(What you will do):
All of the listing should be output exactly, apart from the pictures.

(Input data):
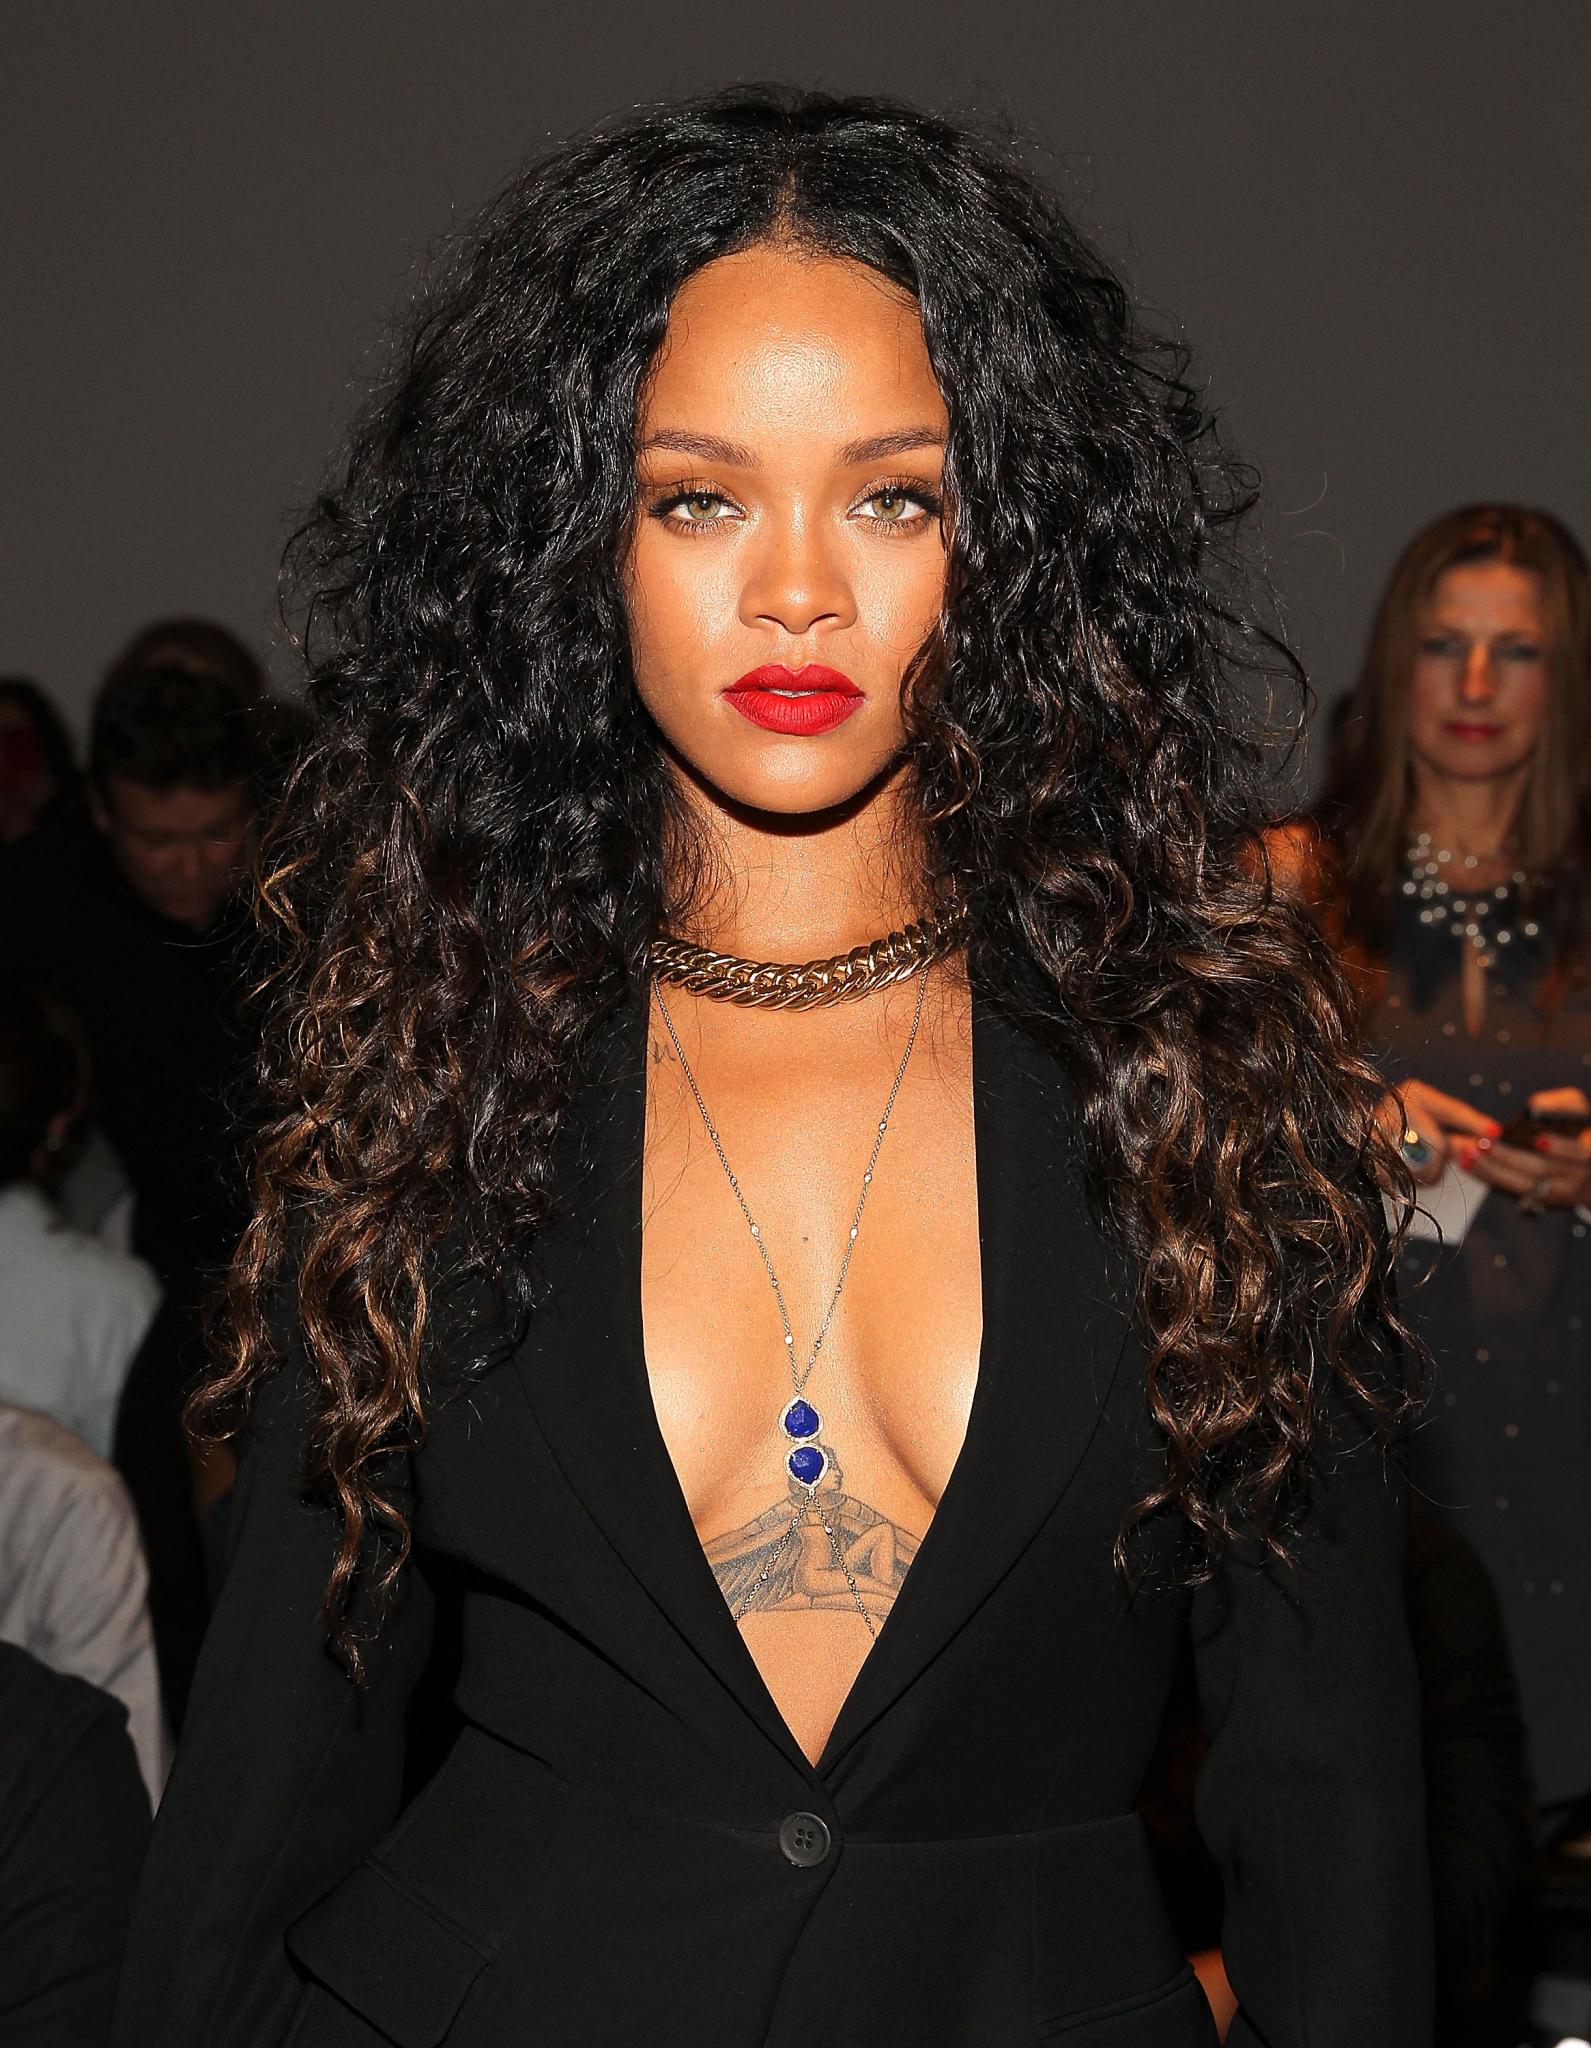 25 Reasons Rihanna Is the Ultimate Hair Muse
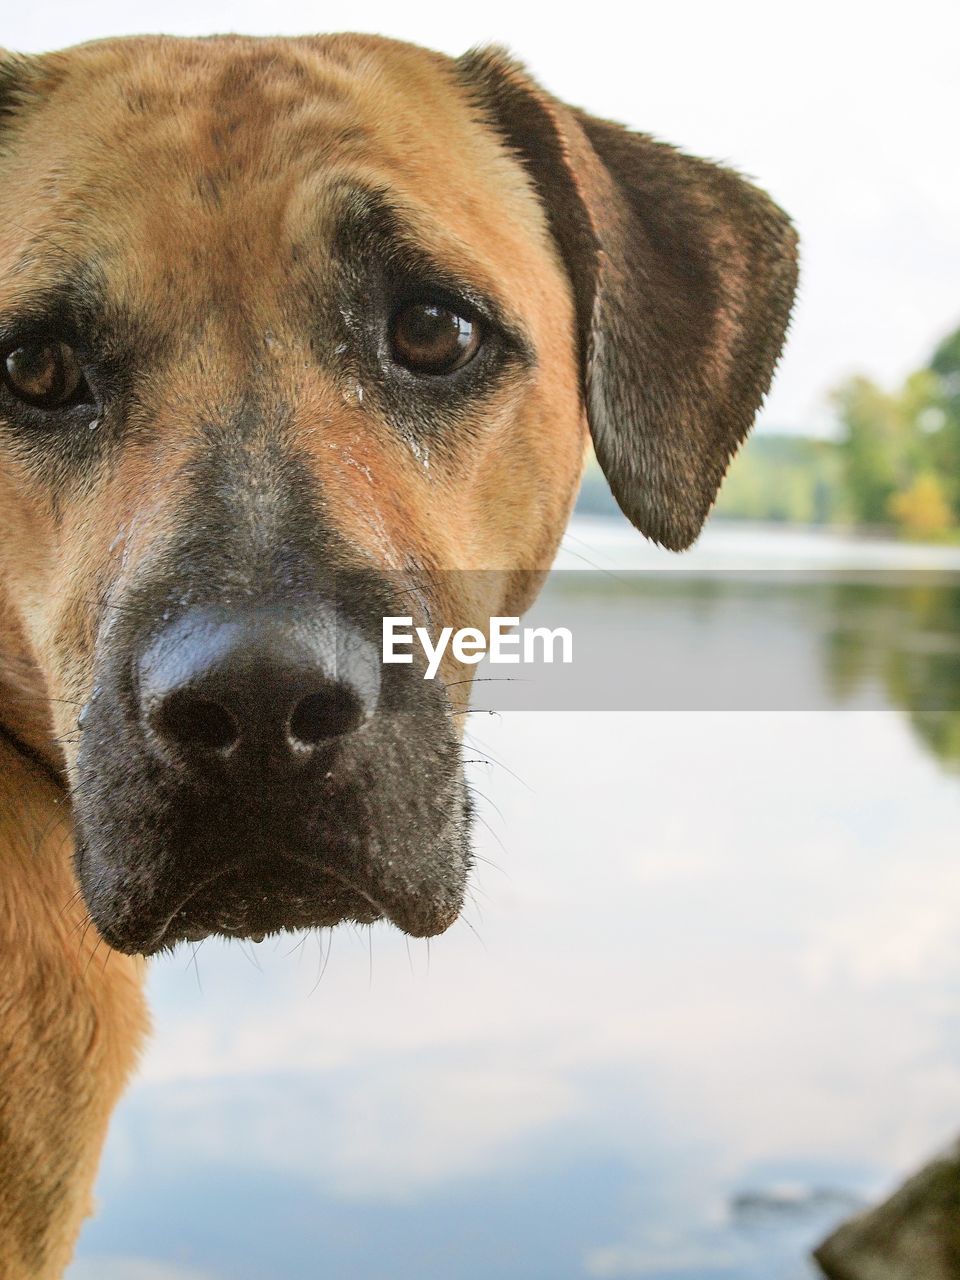 one animal, animal, animal themes, pet, mammal, dog, canine, domestic animals, portrait, animal body part, animal head, snout, looking at camera, close-up, no people, day, puppy, focus on foreground, black mouth cur, water, rhodesian ridgeback, carnivore, nature, outdoors
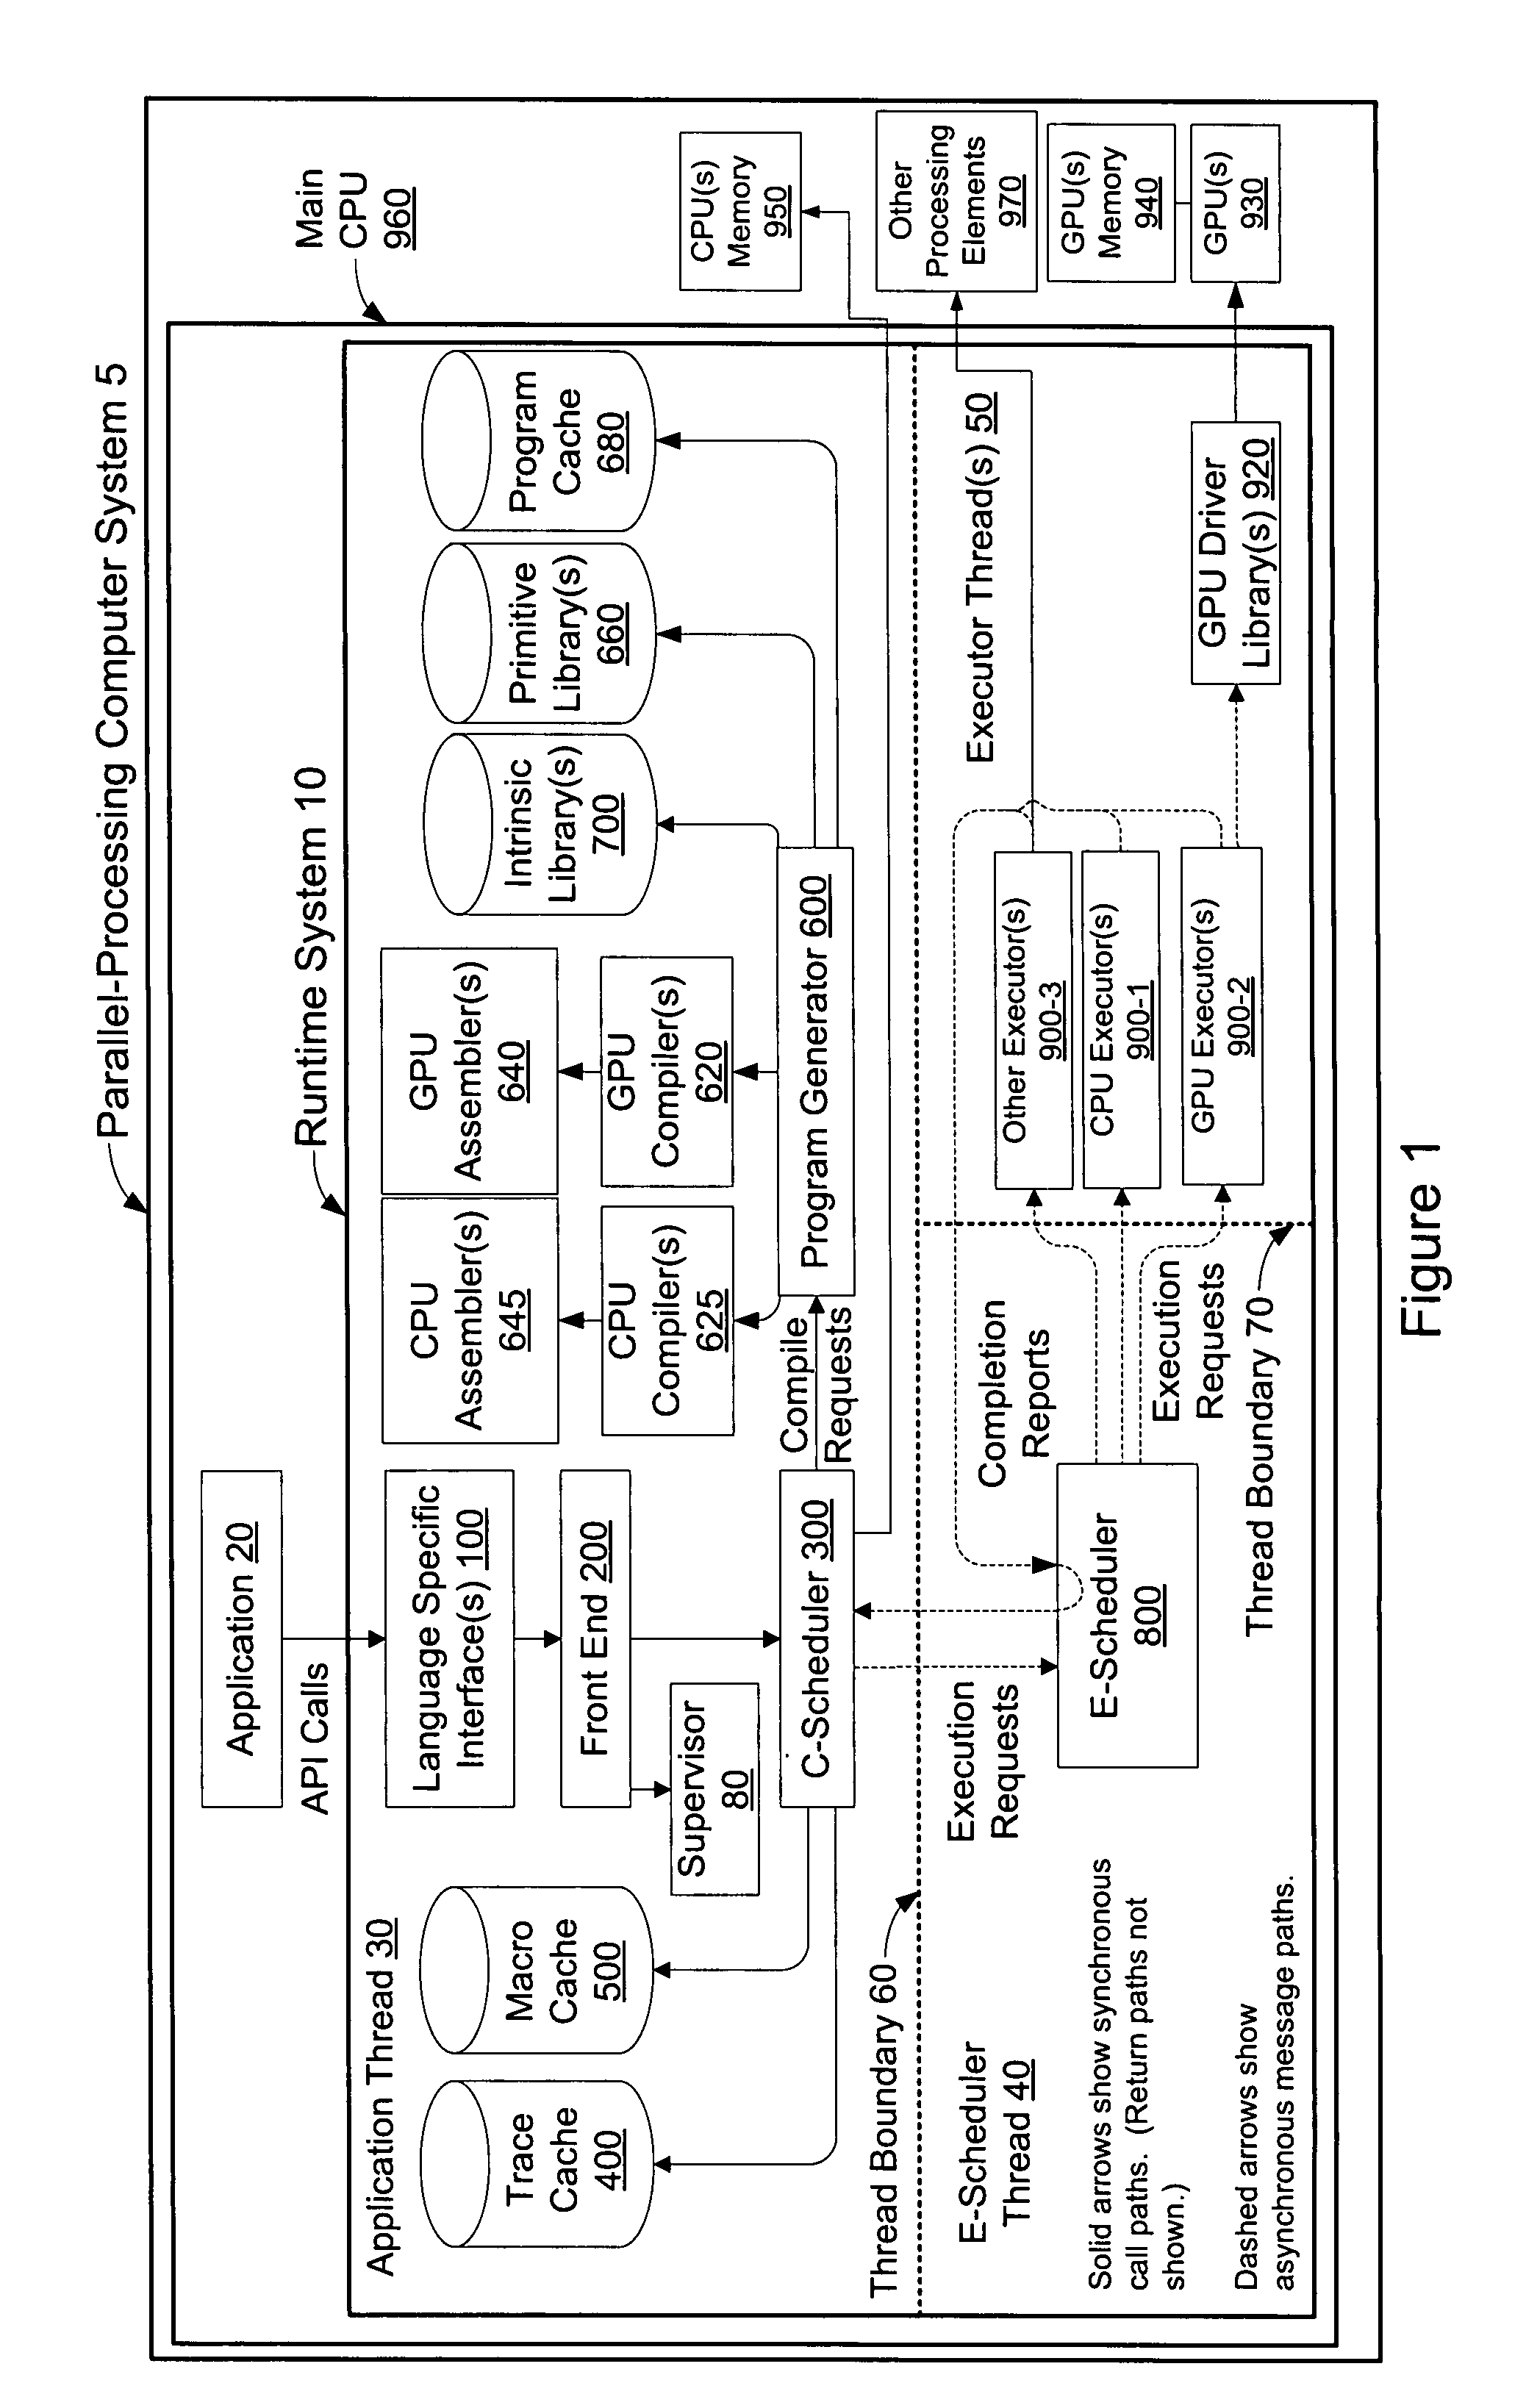 Systems and methods for debugging an application running on a parallel-processing computer system

(Solution below):
 25 Reasons Rihanna Is the Ultimate Hair Muse
 one animal, animal, animal themes, pet, mammal, dog, canine, domestic animals, portrait, animal body part, animal head, snout, looking at camera, close-up, no people, day, puppy, focus on foreground, black mouth cur, water, rhodesian ridgeback, carnivore, nature, outdoors
 Systems and methods for debugging an application running on a parallel-processing computer system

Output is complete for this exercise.